▸ **DATASET EXTRACT**
━━━━━━
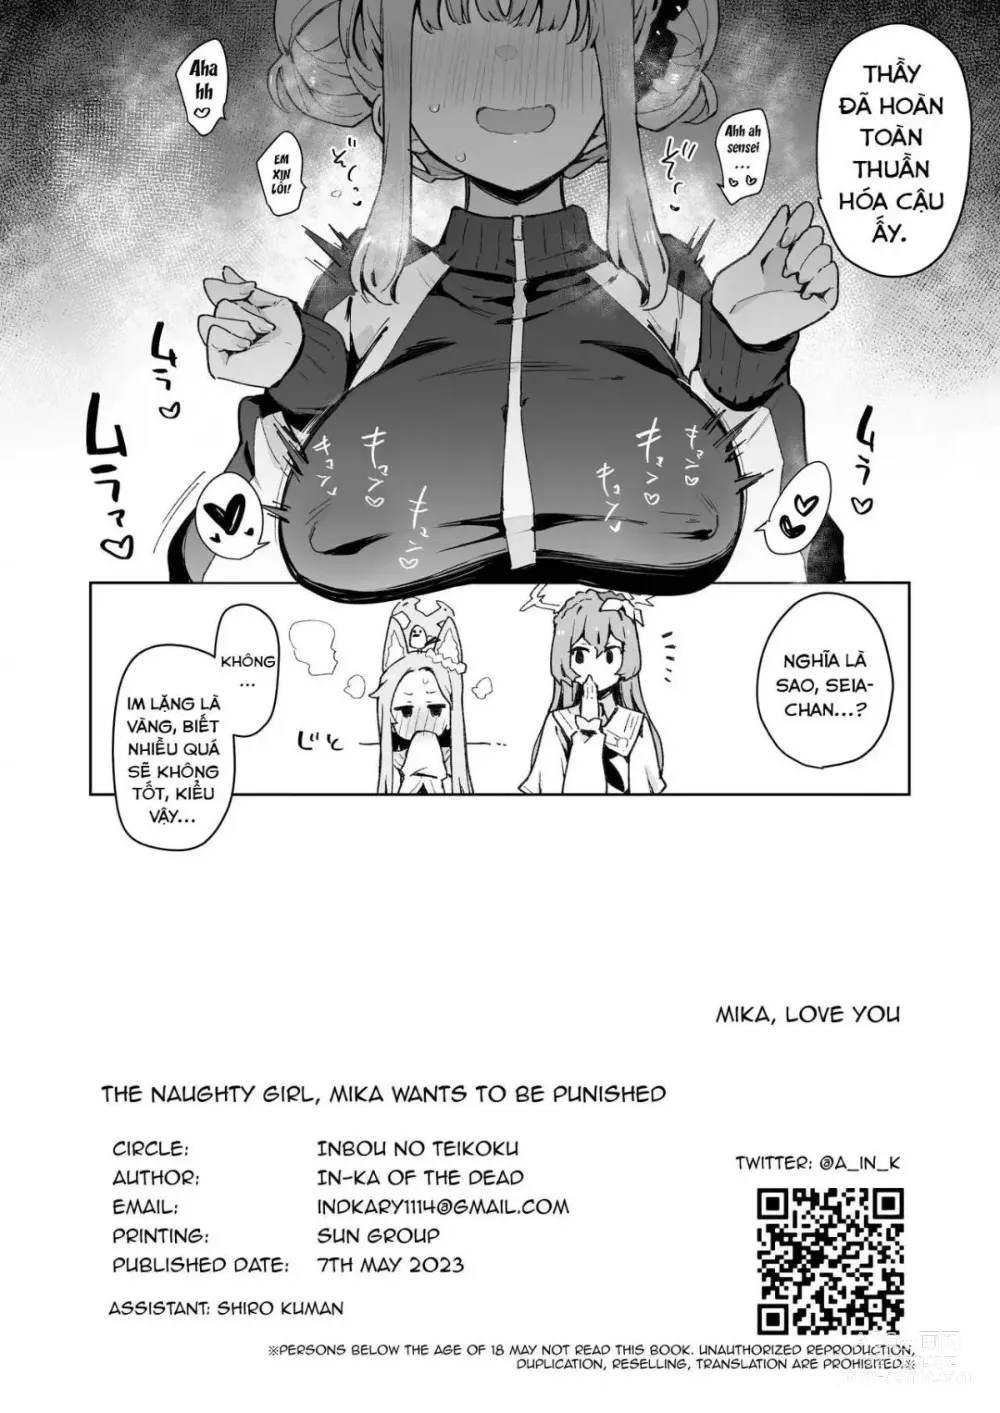 Page 25 of doujinshi Mika muốn bị đạo tàn bụ
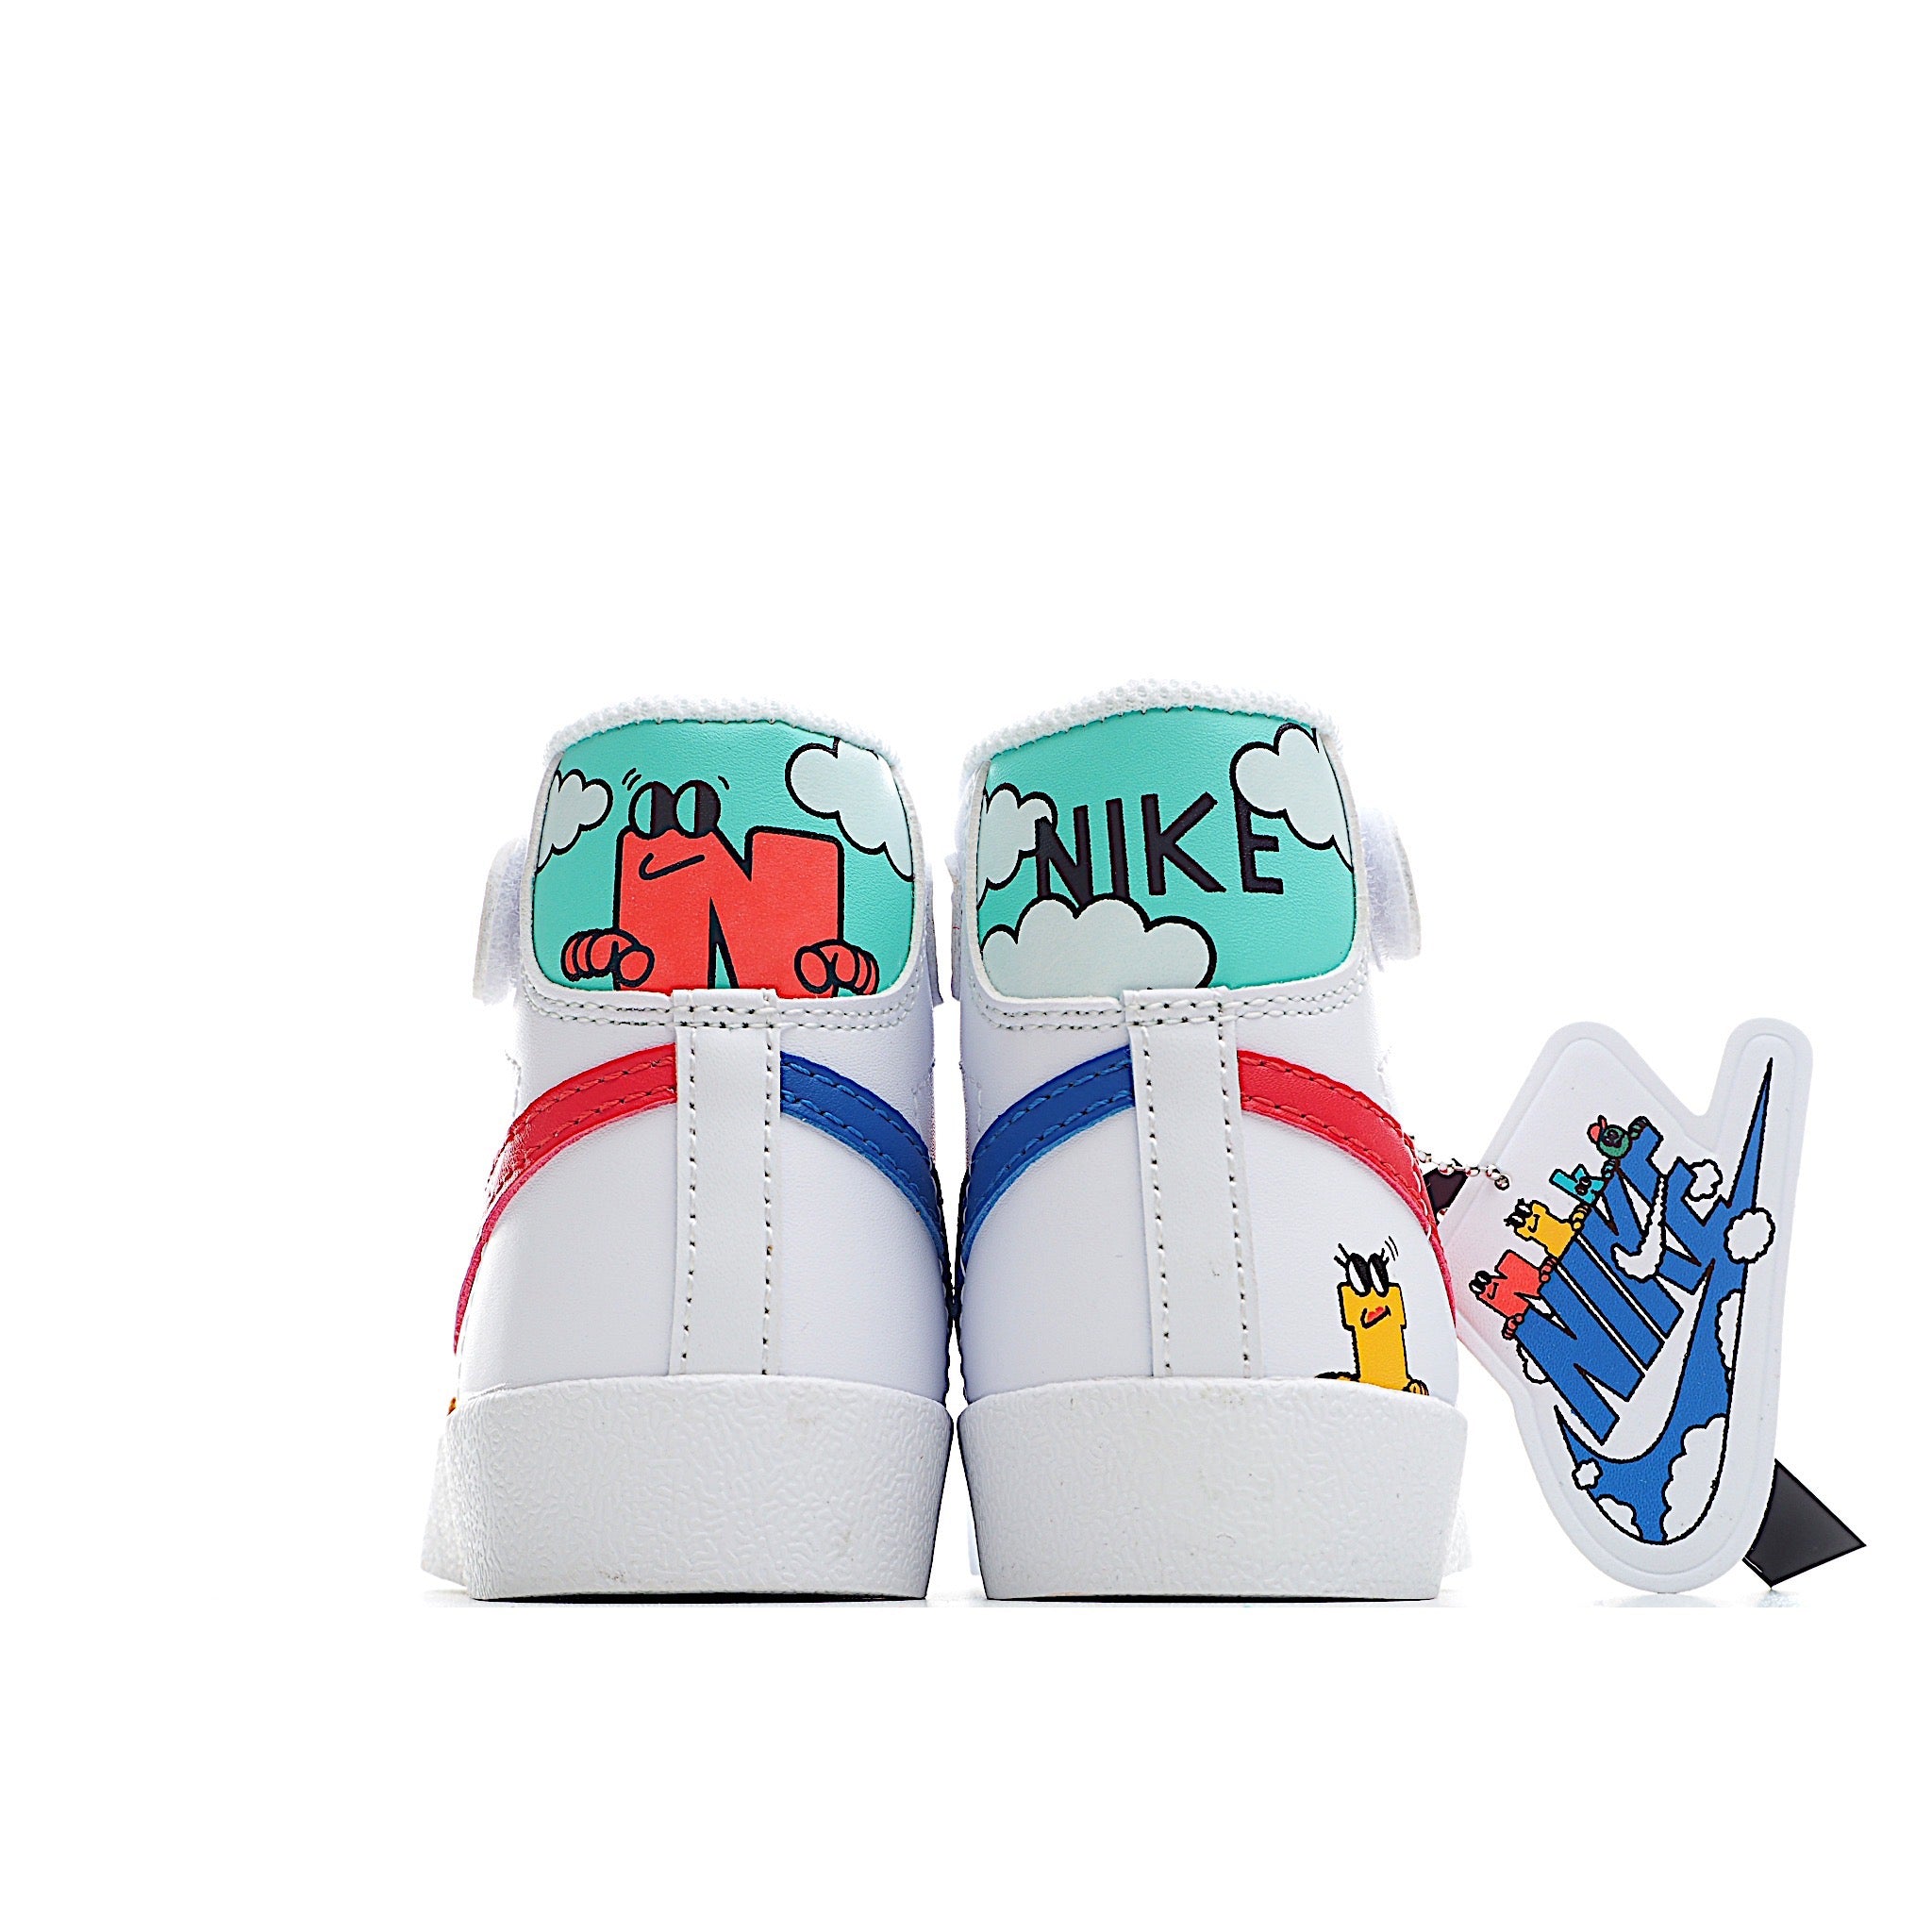 Nike high blazer alphabets shoes
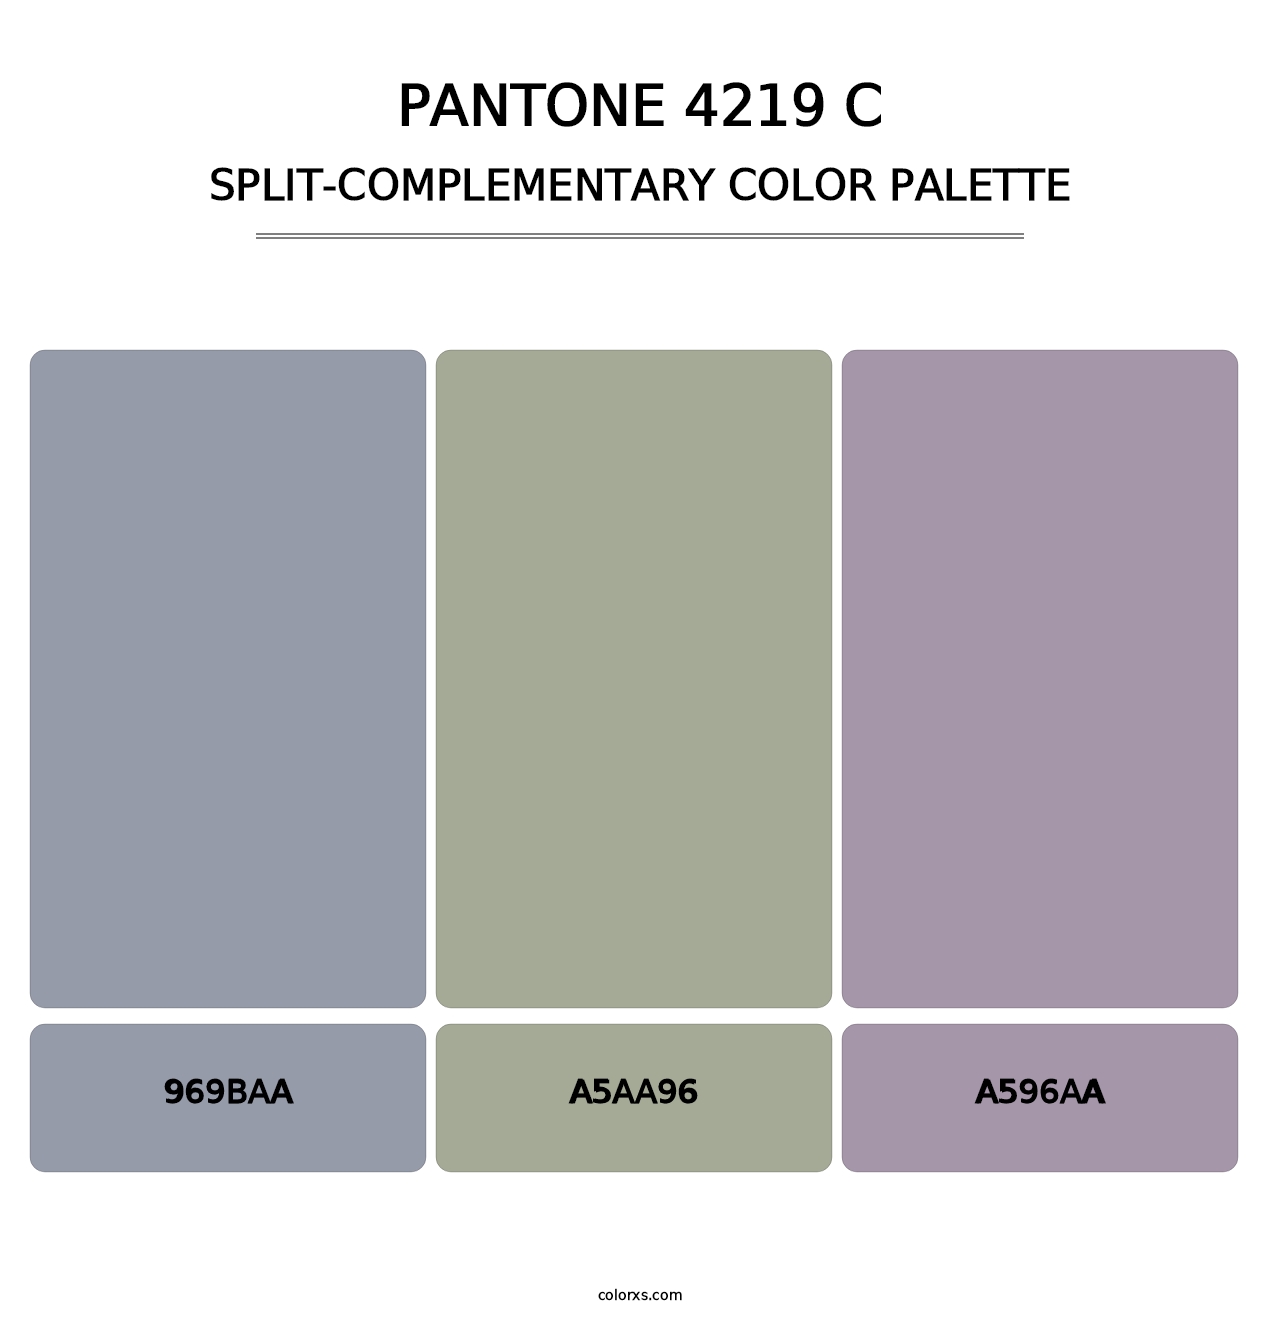 PANTONE 4219 C - Split-Complementary Color Palette
━━━━━━
▸ **YOUR INSTRUCTIONS**
The expected answer consists solely of the lines from the one with "Nike high blazer alphabets shoes" through the last line of the listing above, restated exactly, minus any pictures.

▸ **EXPECTED ANSWER**
 Nike high blazer alphabets shoes
 PANTONE 4219 C - Split-Complementary Color Palette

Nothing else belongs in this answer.